MD Mag: Do allergy diagnosis and screening processes have to change along with the care?
Mack: I think this is a really important point, because our diagnostic processes are going to change, because now we are faced with truly putting our money where our mouth is. In the past, we may have had some uncertainty as to whether a patient was allergic or not. Our skin test may have supported that, but we may not have been 100% sure.
But now if we're looking at enrolling these families and these patients into these treatment procedures—these are long-term procedures and they're labor-intensive. This is where our testing, whether it's skin testing or blood testing, starts. But we are doing so many more what we call an oral food challenge, where you actually will give very, very small amounts in about a 2 hour period, to see if that patient is allergic. It's what's called our gold standard. And unfortunately, it hasn't been a major part of the allergy practice.
A recent study from 2012 suggested that 70% of allergists in the United States only performed 1-5 oral food challenges a month.

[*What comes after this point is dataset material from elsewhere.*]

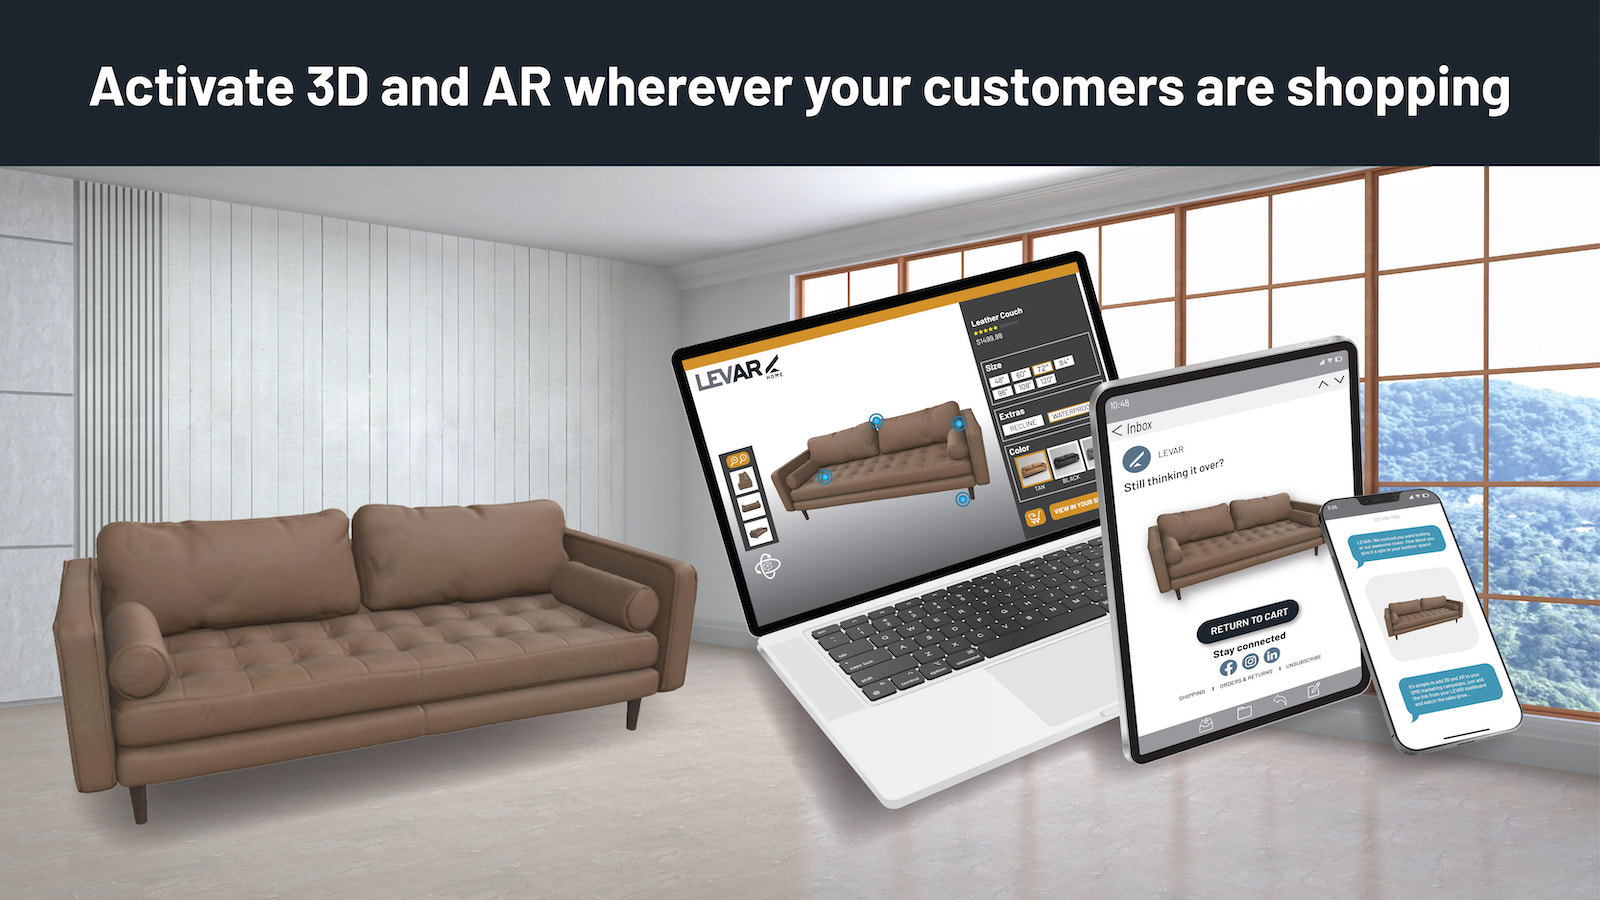 Ative 3D e AR onde quer que seus clientes estejam comprando

When you think about it, these patients are requiring multiple food challenges—sometimes for the different types of foods that they're allergic to, and are potentially allergic to—before we enroll them into these therapies.
So it’s to the point where—I know this is going to sound crazy—but we do about 12 oral food challenges every day to see if these patients are actually allergic, because the demand is so high.
And our skin tests and our blood tests—it's not that they're not great tests, but they aren't perfect. And I think that the onus is on us now to make sure that, if we are going to enroll this and that, that we have the right diagnosis. And that's exactly what we see.
We see that, fortunately or unfortunately, we're doing a ton more of these or oral food challenges, and that has its own burden on our practices for sure. We need more space, we need more staffing—we have a risk of reaction.